Finn leans forward, placing his forearms on the table. ‘Sam, I wanted to…’ He begins quickly and then pulls the brakes. His voice is more shallow and less playful than when I turned around. He wipes some sweat off his forehead and tries to reboot. ‘Sam, I’ve been wanting to talk to you. Not about work or whatever. I wanted to apologize for what happened after Sunset Boulevard. ’
His eyes are soft and almost pleading. He doesn’t look anything like the know-it-all who steamrolled me after the movie. Maybe this is a new language for him. ‘I get too worked up about stuff like that.’ He rubs his hands together in a slow, calming way. ‘My emotions take over. I’m sorry I pushed you. Not everyone I meet is a subject for a documentary. I’m trying to learn that.’ He’s not being aggressive or demanding like he was after the movie and it makes me want to explain.
‘It’s my fault,’ I say before I can even process how kind he’s being. ‘I shouldn’t have been so defensive. I get in this funk after a screening. My feelings are all on the surface. Especially at that theater with a movie I love.’ The film had an impact on me but it was his probing that put my stomach in knots. But sitting here with him after his apology my stomach feels more like happy butterflies fluttering.

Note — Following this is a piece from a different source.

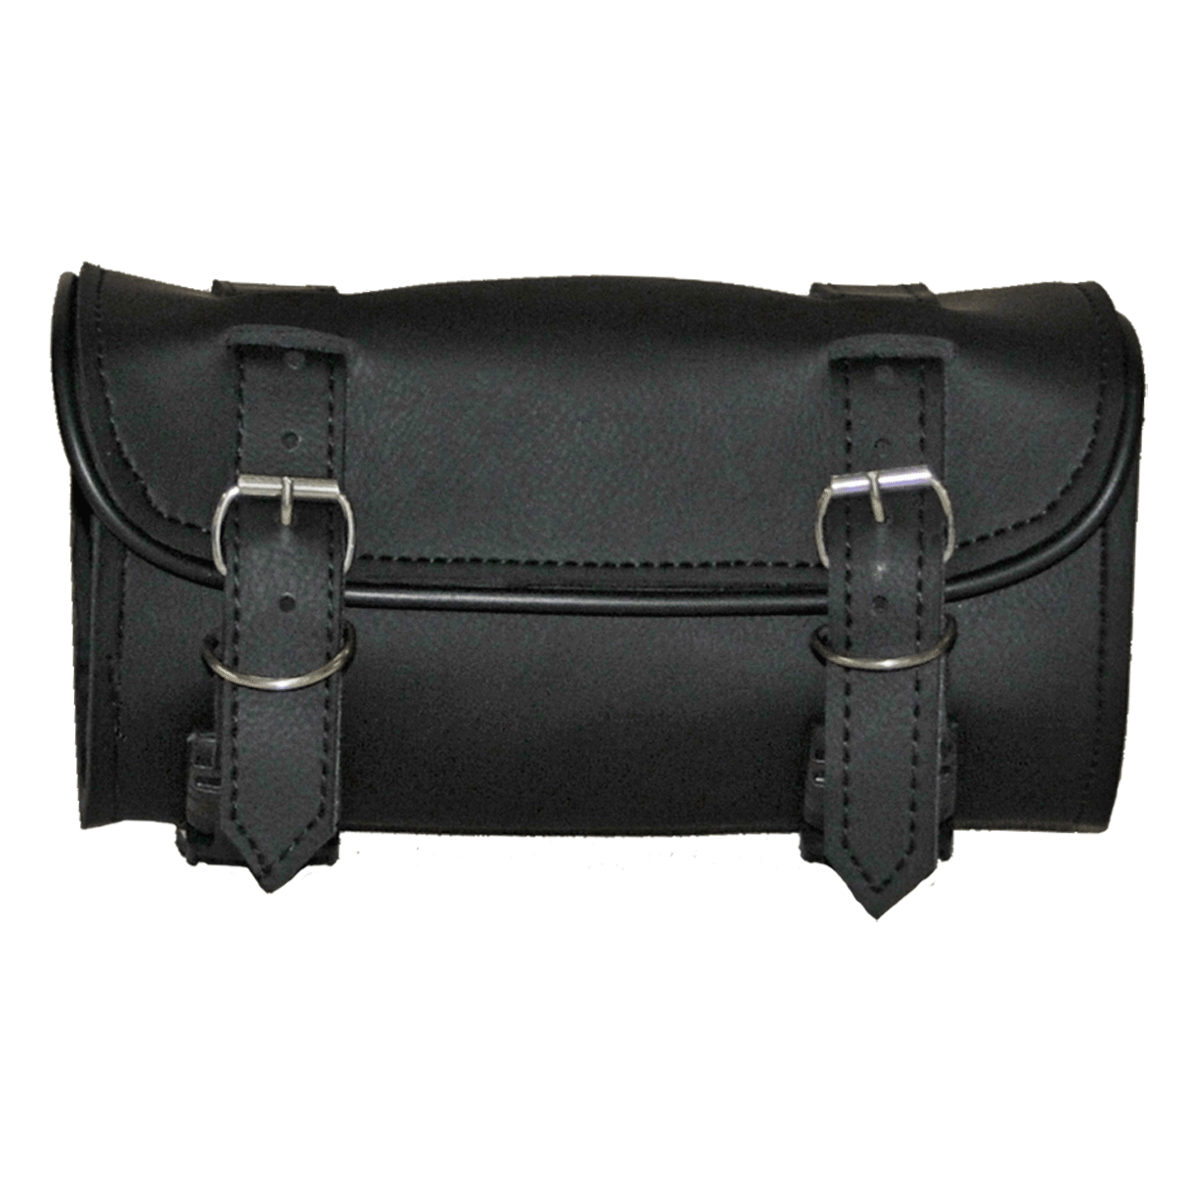 VS110 2 Strap Plain Tool Bag with Quick Releases

‘I thought more about Sunset Boulevard ,’ Finn says. ‘I even watched it again on my own. A few times in fact. I think you’re right. It has the core elements of good filmmaking and it’s camp as hell. I should have gone into it with more of an open mind.’
‘Wow. Thank you.’ It was generous of him to do that for me. Not that he did it for me per se. He really did it for the kids, but the generosity is there, nonetheless. ‘That was very kind.’ I lean a bit closer to him. ‘I have a confession. I stayed up the other night to watch Moonlight .’ I don’t tell him that I also watched it before our screening in the East Village. ‘You’re right. It’s complex and important. It really speaks to this moment. The kids in the program should see it. I guess we have both been doing some secret movie watching.’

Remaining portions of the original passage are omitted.